We need to go back to 1903, when he was starting out as a talented writer who wrote, amongst others, for the Daily Express. The great political issue of the day was free trade. Joseph Chamberlain, who believed the empire could be held together by material ties, was in favour of a measure of imperial preference which would involve a tariff barrier against other countries. He was supported by a majority of the Unionist Party, although opposed by a minority. Being unable to persuade the Prime Minister to accept his policy at that time, he resigned from the government in order to hold meetings all over the country to put forward his ideas. “If you are going to give preference to the colonies,” he told the House of Commons, “you must put a tax on food.” Free trade meant that food would cost more, an idea used by the Liberal Party to eventually come to power on this issue.

On 30th September, 1903, Daily Express, a Unionist and protectionist paper, started a series of Parrot verses, all on the first page, which depicted a parrot giving his views on fiscal matters. These verses were written in fascinating verses and excellent political acumen by none other than P.G. Wodehouse. The opinions of the Parrot were published six days a week right through October until 15th November, after which it became intermittent. The Parrot mostly commented on political issues or mused on other important topics of the day.

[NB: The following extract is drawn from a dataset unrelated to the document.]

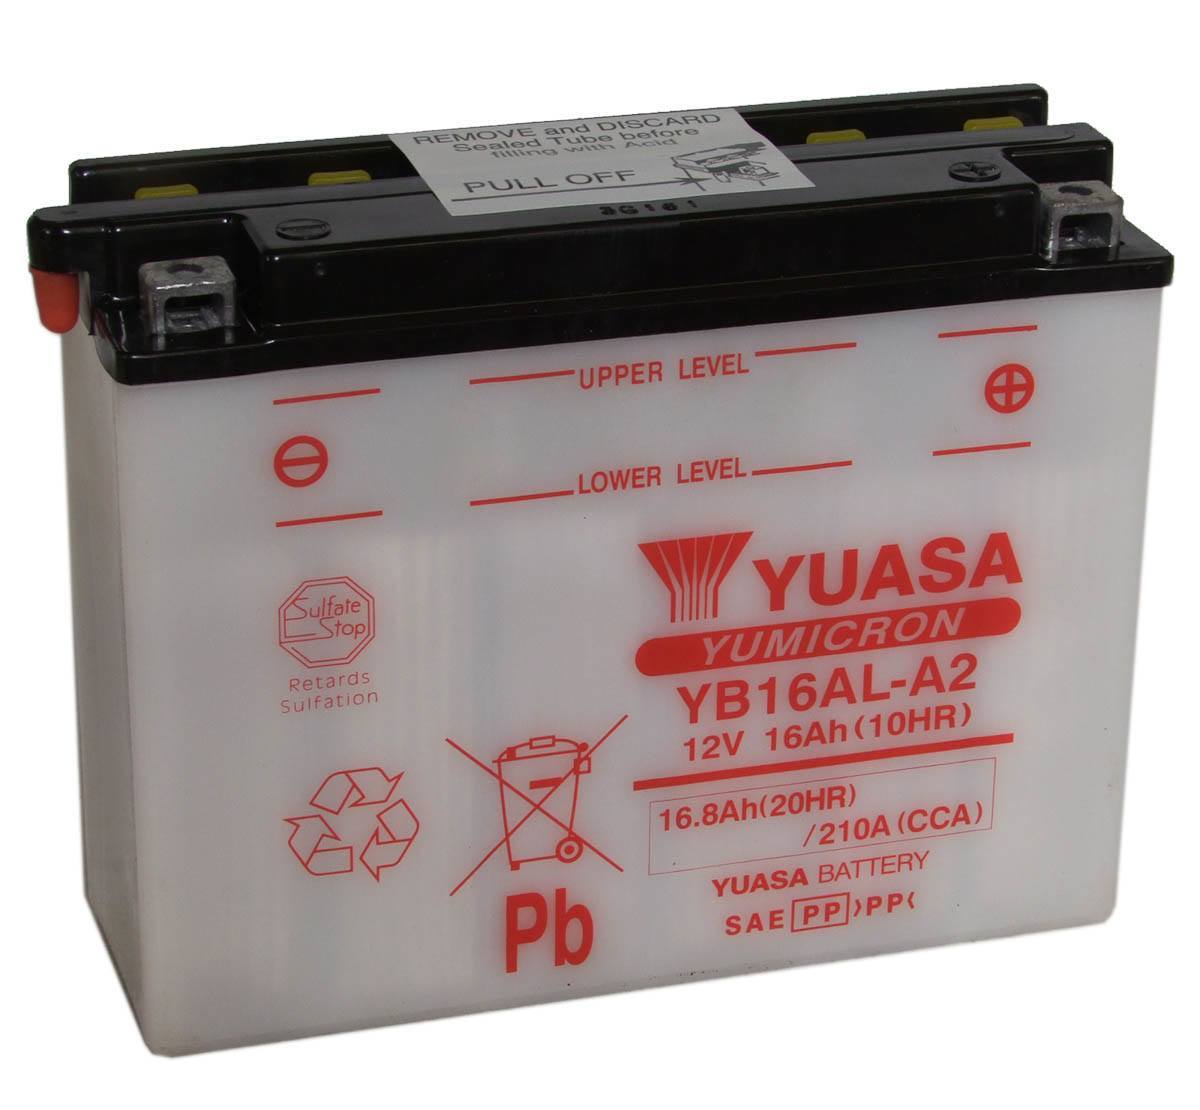 Yuasa YB16AL-A2 12V 16Ah Motorbike Battery

Here are some of the verses:
When you show him that a duty is a thing of perfect beauty,
That it sets the mills a-buzzing with an ever-growing roar,
That our wages will be rising to an altitude surprising,l
He offers the suggestion that: ‘Your food will cost you more’
**
In the Moscow Zoo a rumour
Quickly spread from wolf to puma,
Causing even modest lions
To emit a dreadful roar,
For a Parrot fresh from London
Had declared they all were undone
Since in some surprising manner
‘Food will cost you more’

When the elephant was lunching,
Perched the bird and watched him munching
While a sad commiseration
Was the look the Parrot wore:
Till at last he started yelling –
As the beast with buns was swelling,
Swelling in the plumpest manner
‘Marvrick,  food will cost you more.’
Facts defying, reason scorning,
Through the noon, the night, the morning,
Sat the wicked bird repeating
His suggestion o’er and o’er
While poor Marvrick, growing thinner,
Dropt his breakfast, lunch and dinner
In economic terror,
Lest his food should cost him more.
MORAL
And his sad extermination
Is a lesson to our nation
Of the folly in attending
To a troglodytish bore.
As the elephant diminished,
So will British trade be finished
If we listen to the Parrot
With his Food will cost you more.
**

That anyone capable of penning these lines daily and manufacturing magical rhymes while brimming with political message can metamorphose into an absolutely politically agnostic scribbler living in a dreamland of his own is somewhat difficult to believe.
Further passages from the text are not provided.